Work instructions >> Pictures appear among the records below and must be omitted. Repeat exactly the lines from the line with "Know Vehicle Details" to the line with "W&T Offshore Mobile", both included.

Top of Data excerpts

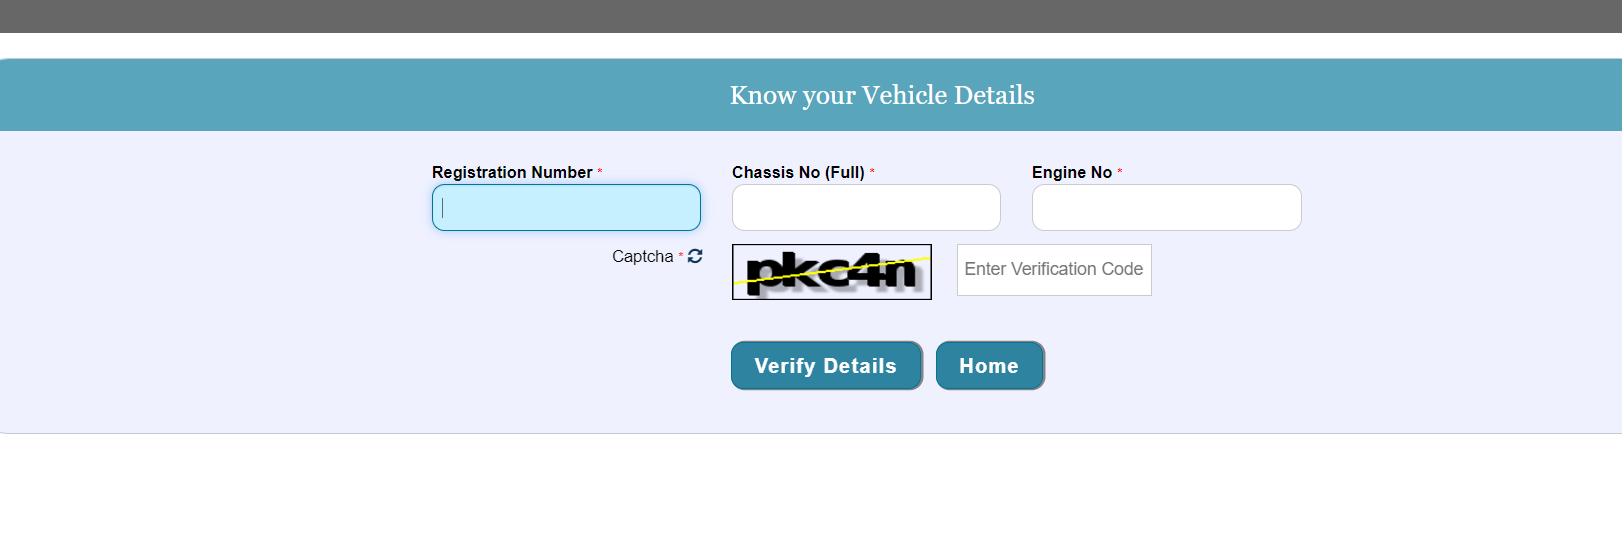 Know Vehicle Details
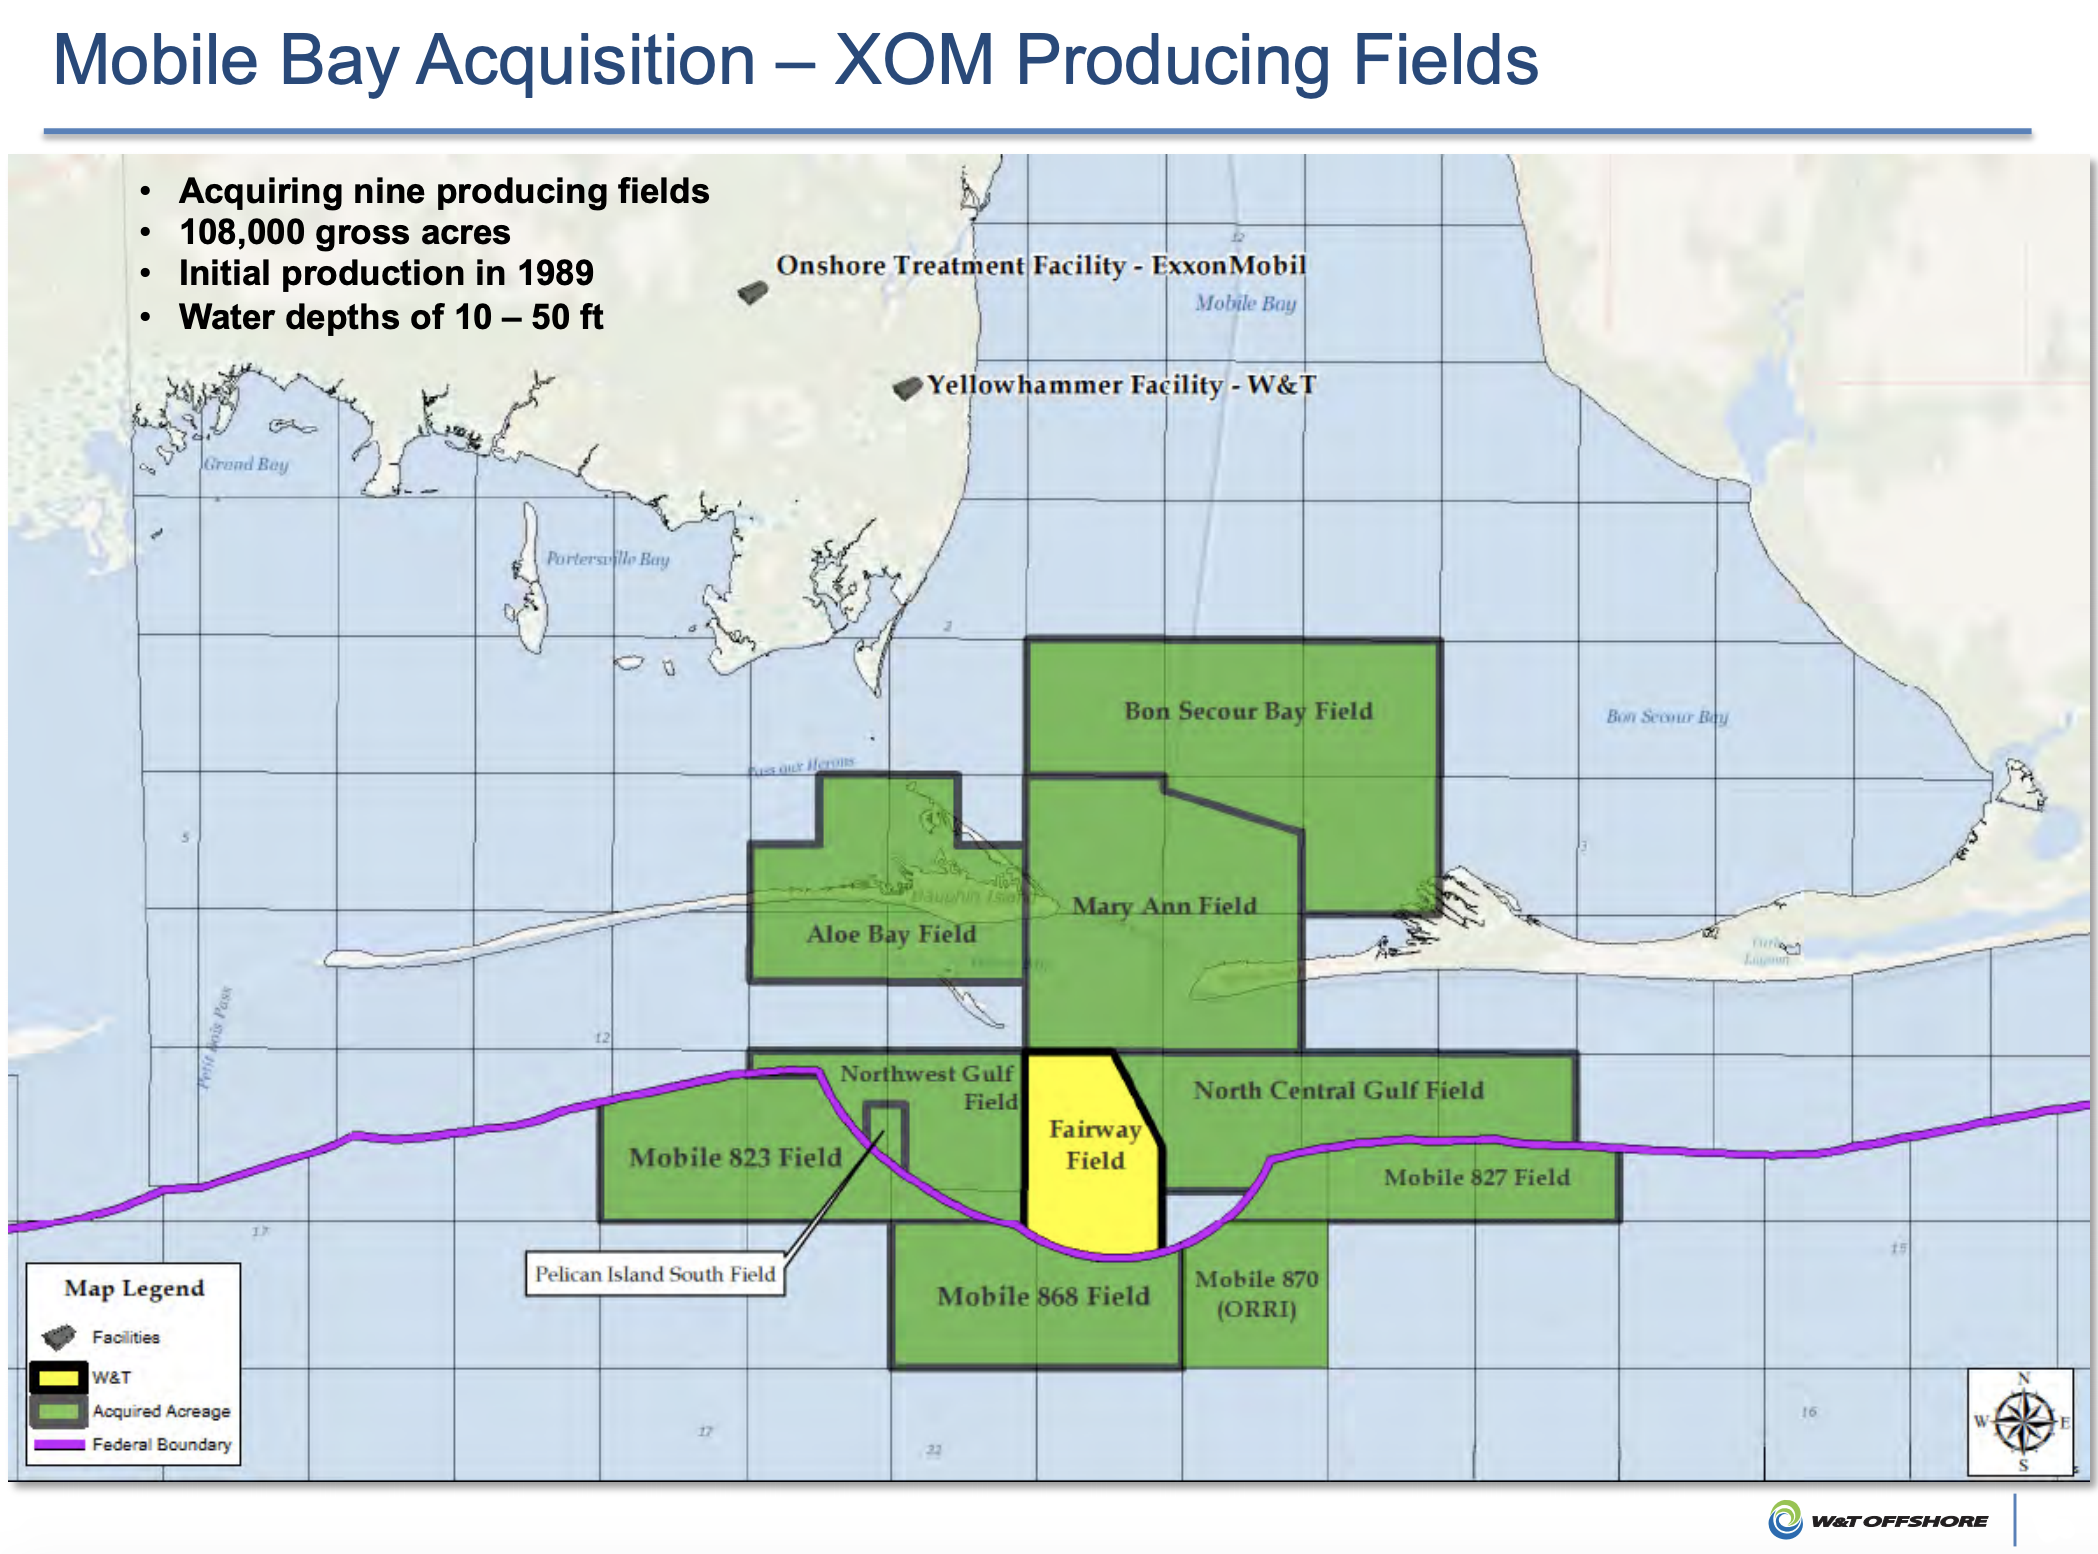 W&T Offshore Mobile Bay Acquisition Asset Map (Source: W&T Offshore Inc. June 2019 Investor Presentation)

Bottom of Data excerpts
Top of Data excerpts

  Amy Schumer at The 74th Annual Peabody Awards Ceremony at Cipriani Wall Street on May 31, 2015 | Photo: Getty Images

Bottom of Data excerpts

Written solution >>
 Know Vehicle Details
 W&T Offshore Mobile Bay Acquisition Asset Map (Source: W&T Offshore Inc. June 2019 Investor Presentation)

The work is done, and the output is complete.